## ACTION ITEM
Write the lines below out exactly, dropping each picture.

==== INFORMATION PROVIDED

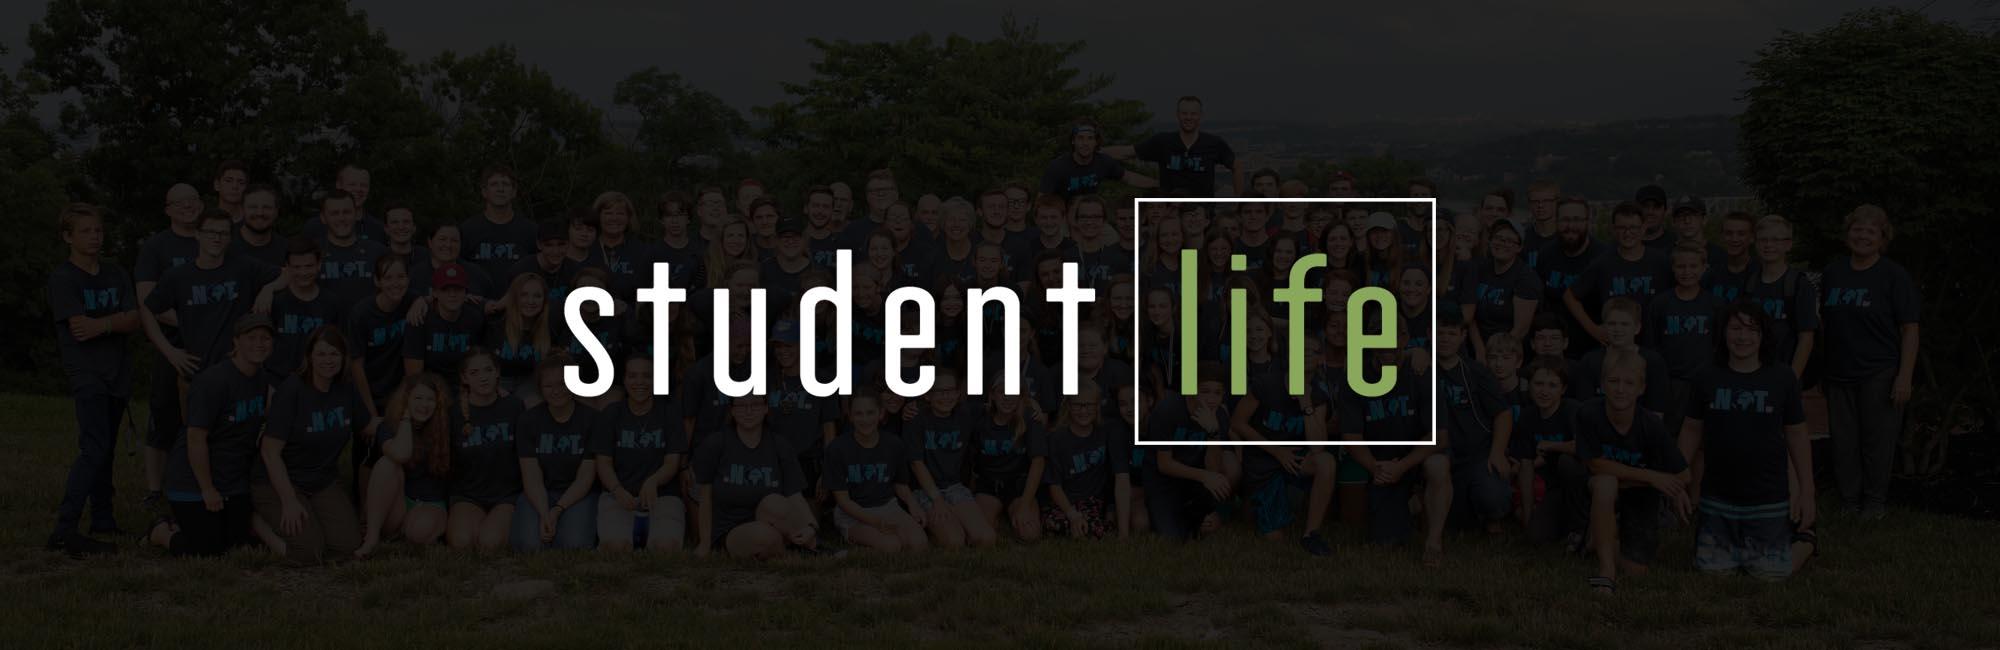 Student Life - Web Header2
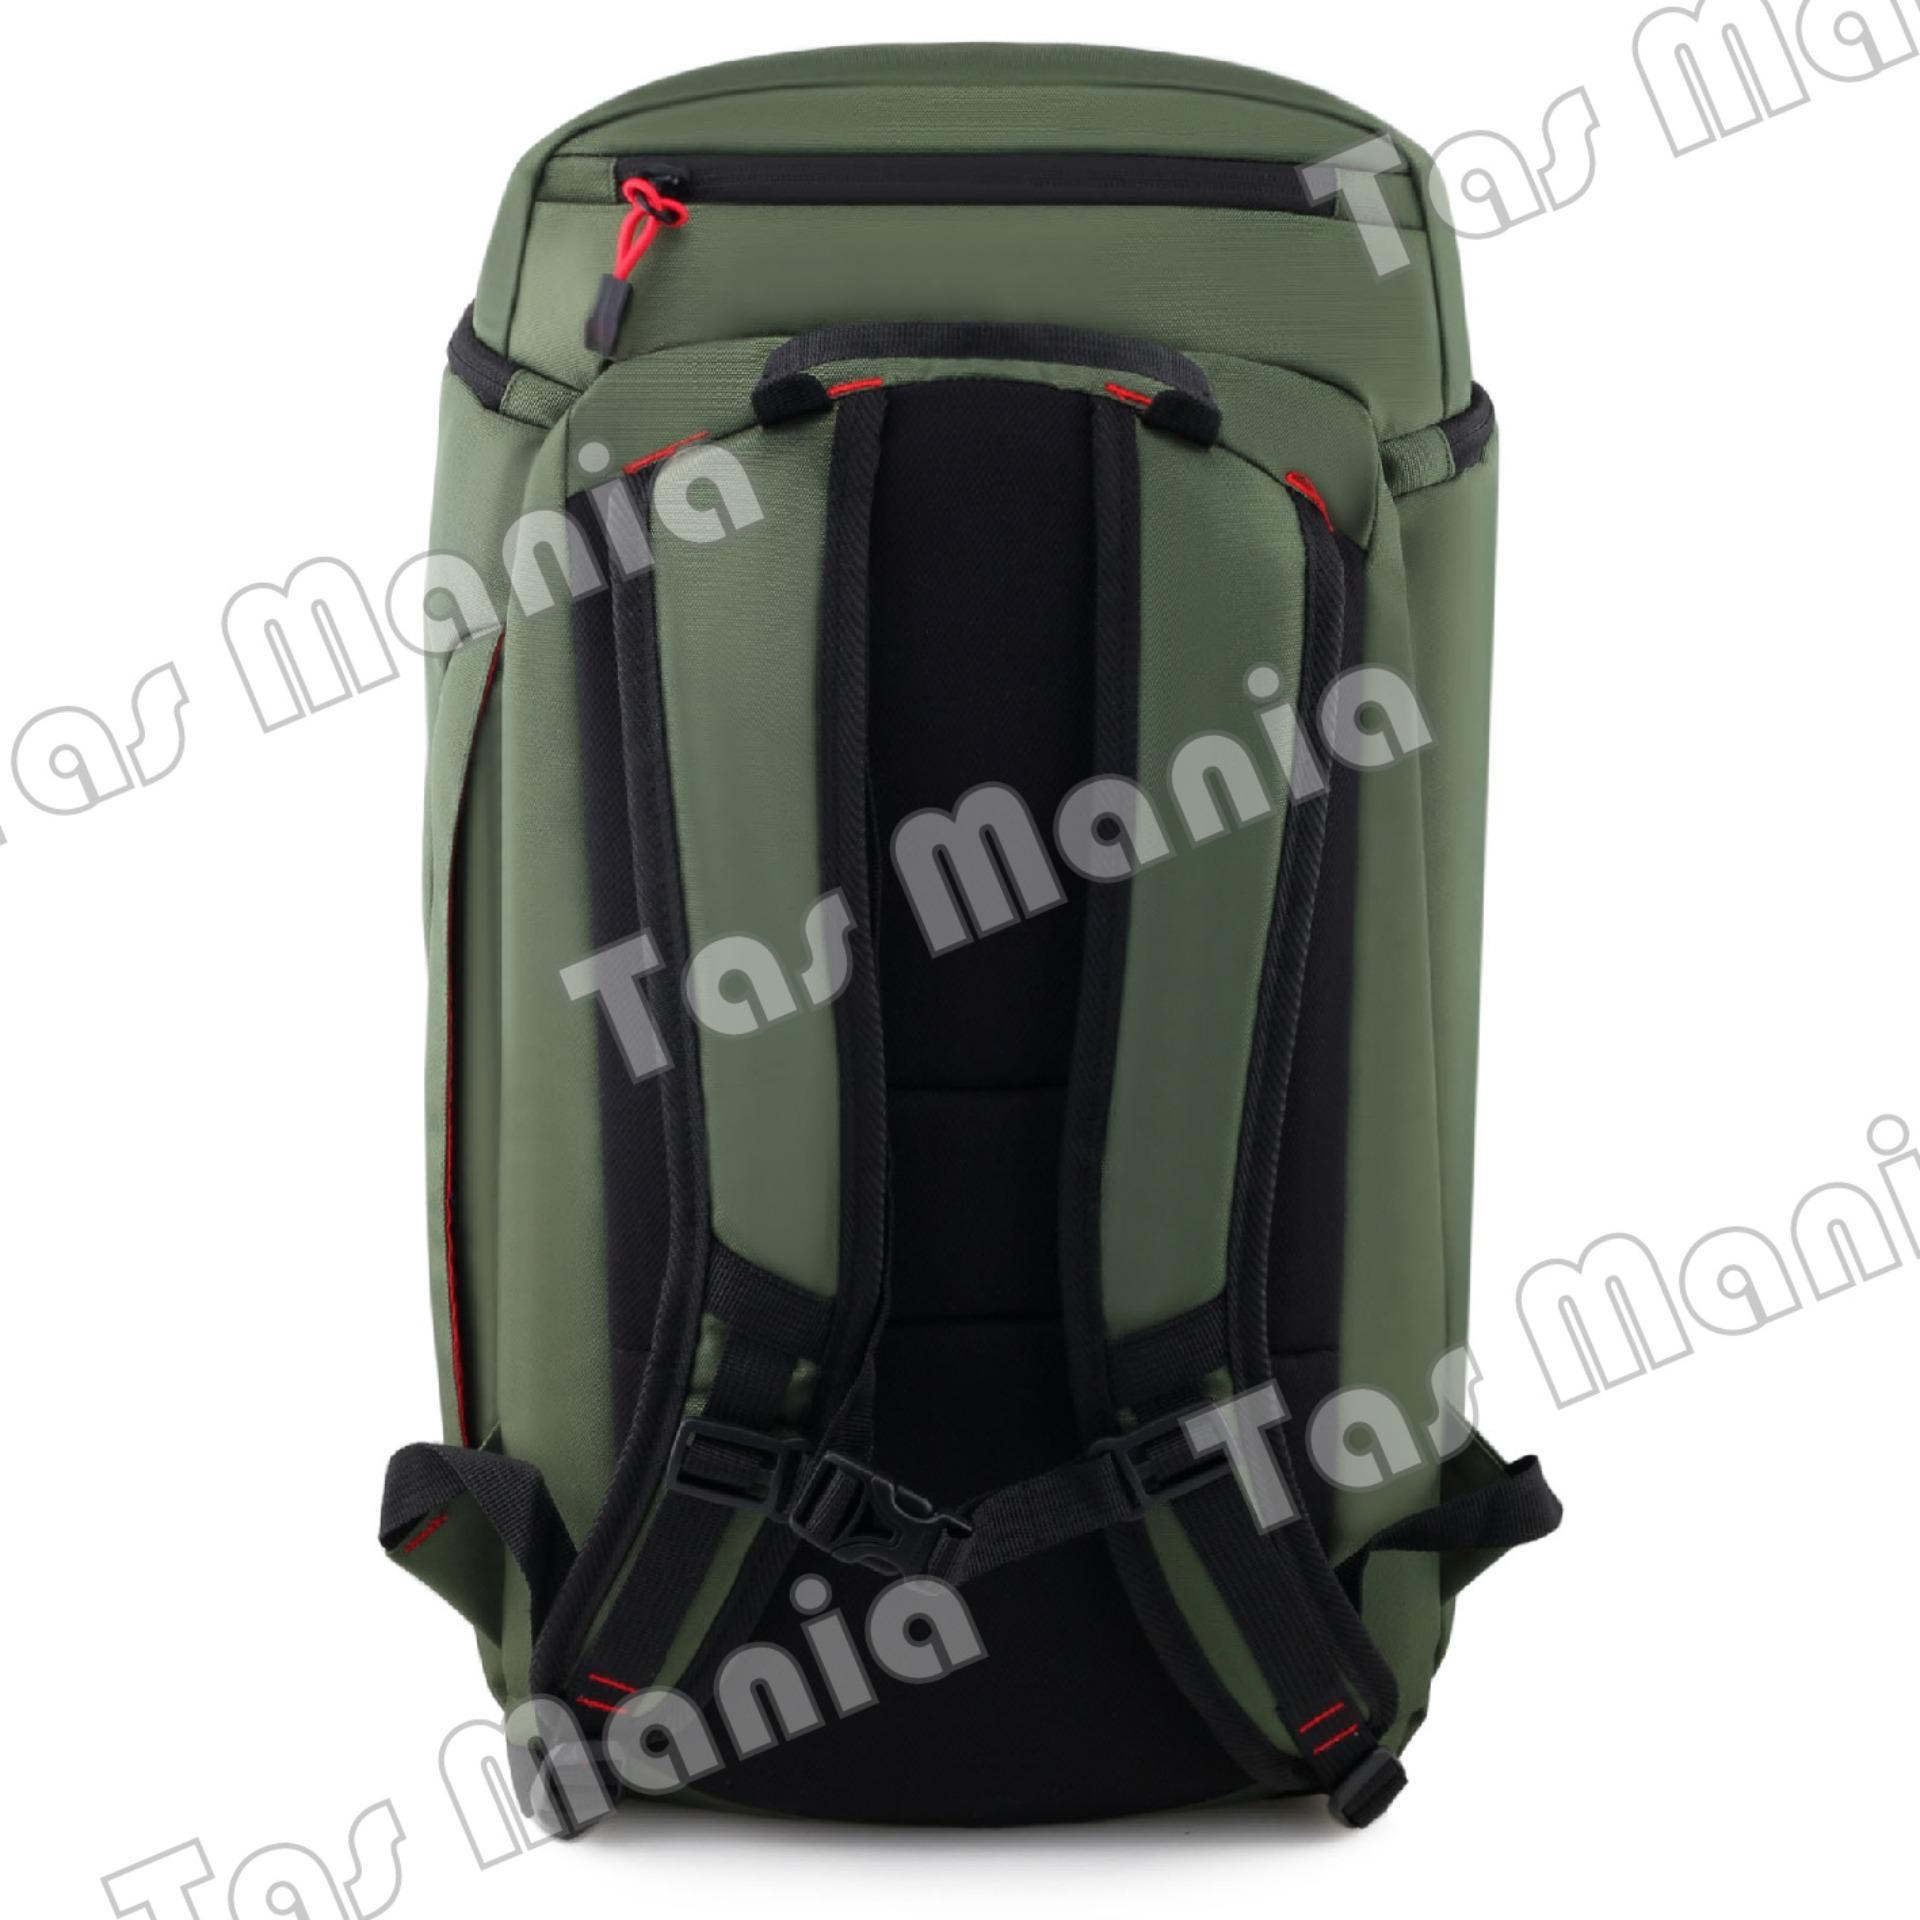 PROMO MUDIK LEBARAN - Tas Ransel Mudik / Carrier Gear Bag Rococo Authentic .
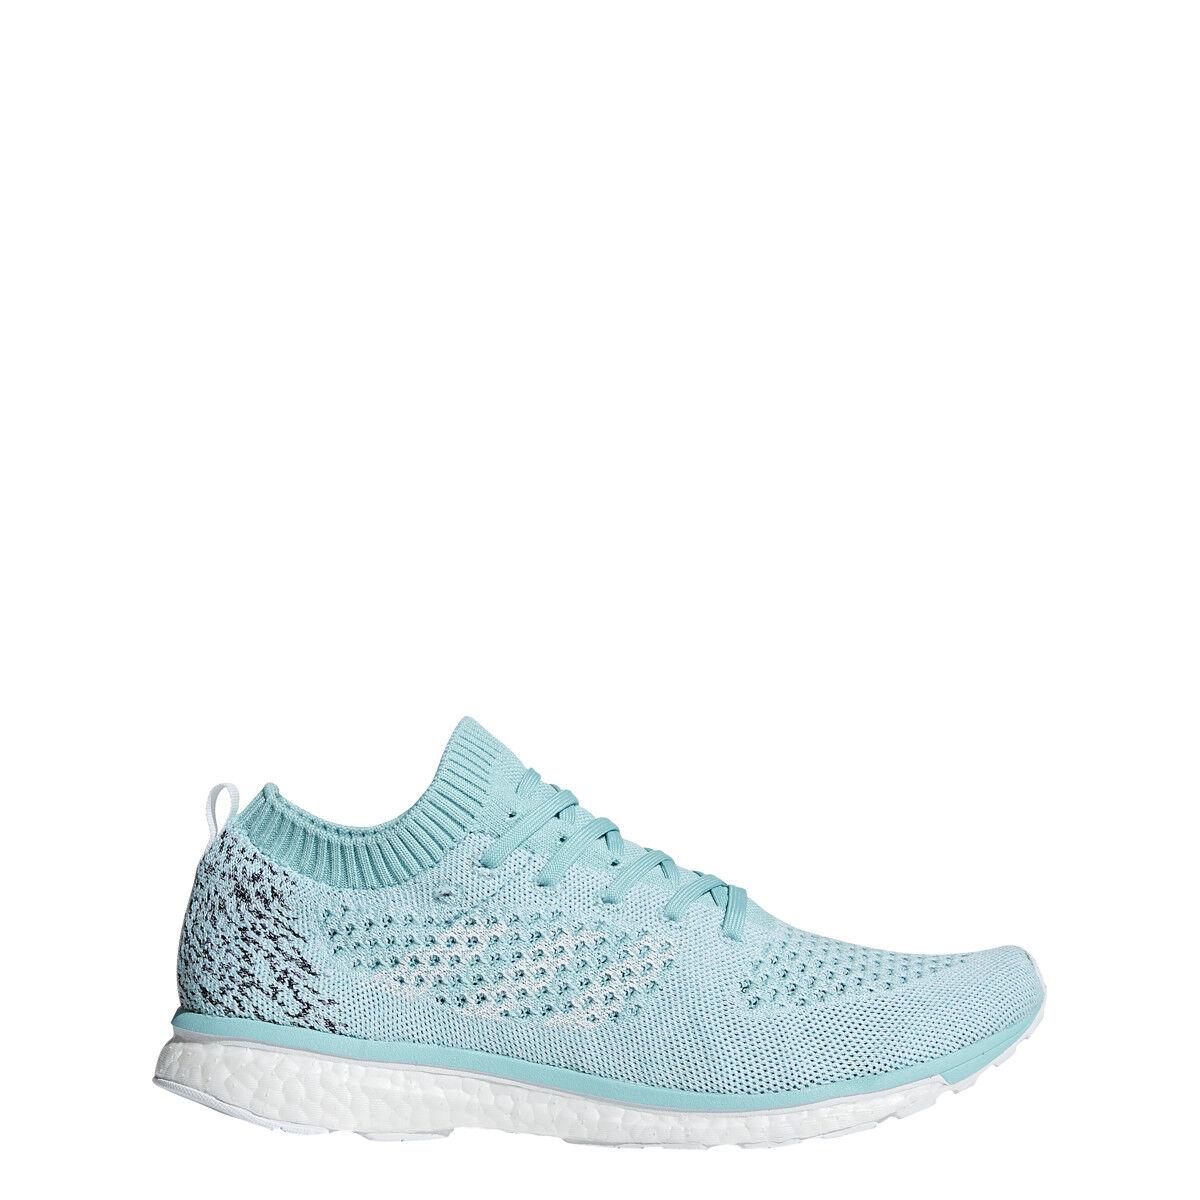 Men's adidas Adizero Prime LTD bluee Spirit Footwear White Carbon AQ0201 BWG
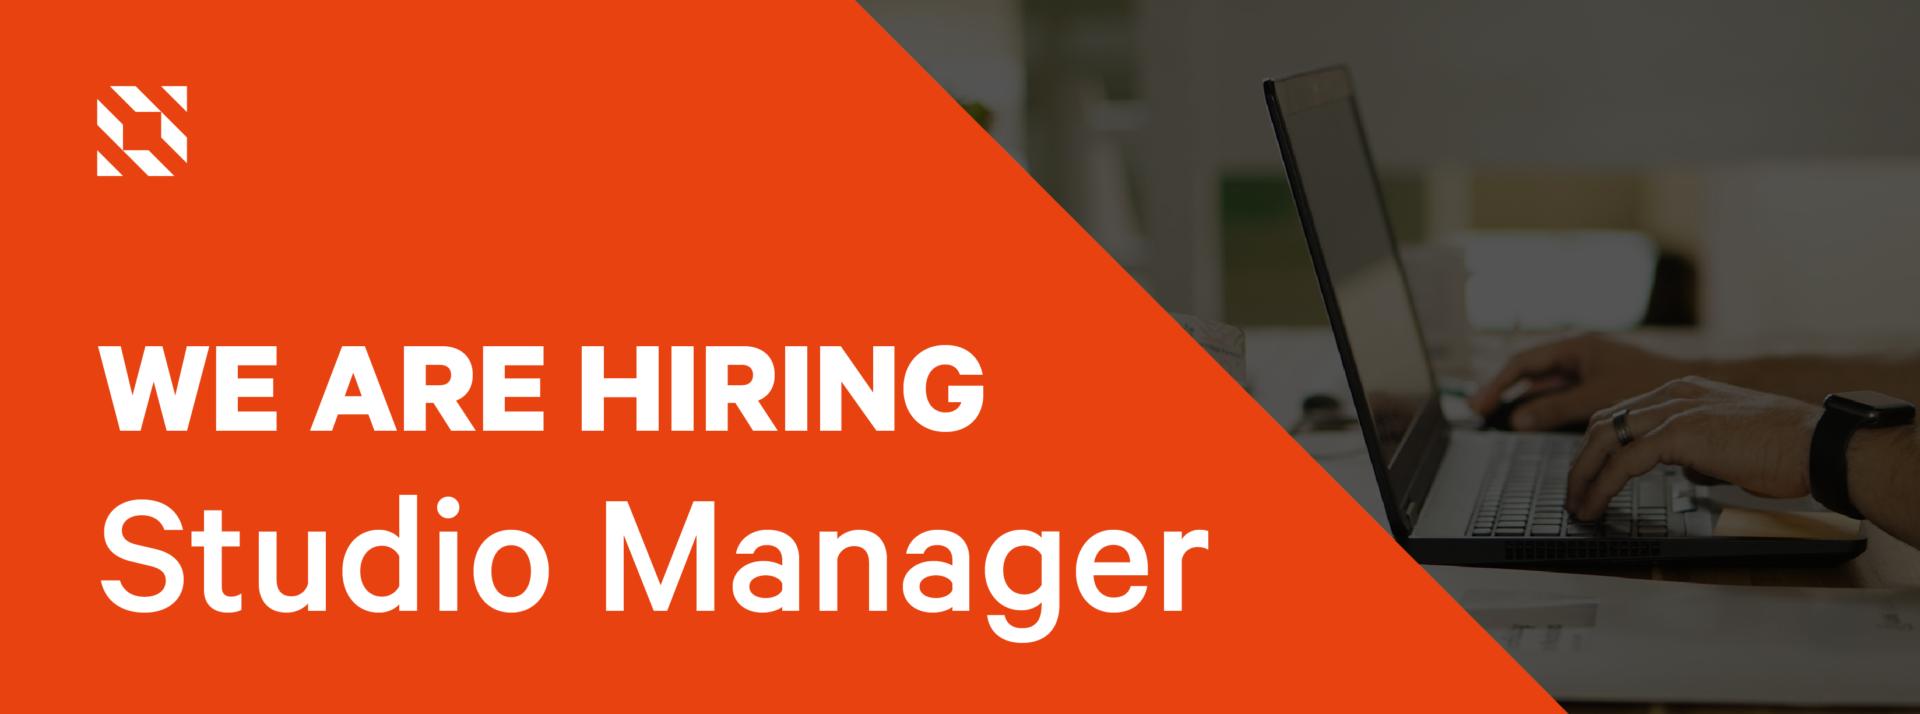 We're hiring - Studio Manager

========

## WORKED SOLUTION
 Student Life - Web Header2
 PROMO MUDIK LEBARAN - Tas Ransel Mudik / Carrier Gear Bag Rococo Authentic .
 Men's adidas Adizero Prime LTD bluee Spirit Footwear White Carbon AQ0201 BWG
 We're hiring - Studio Manager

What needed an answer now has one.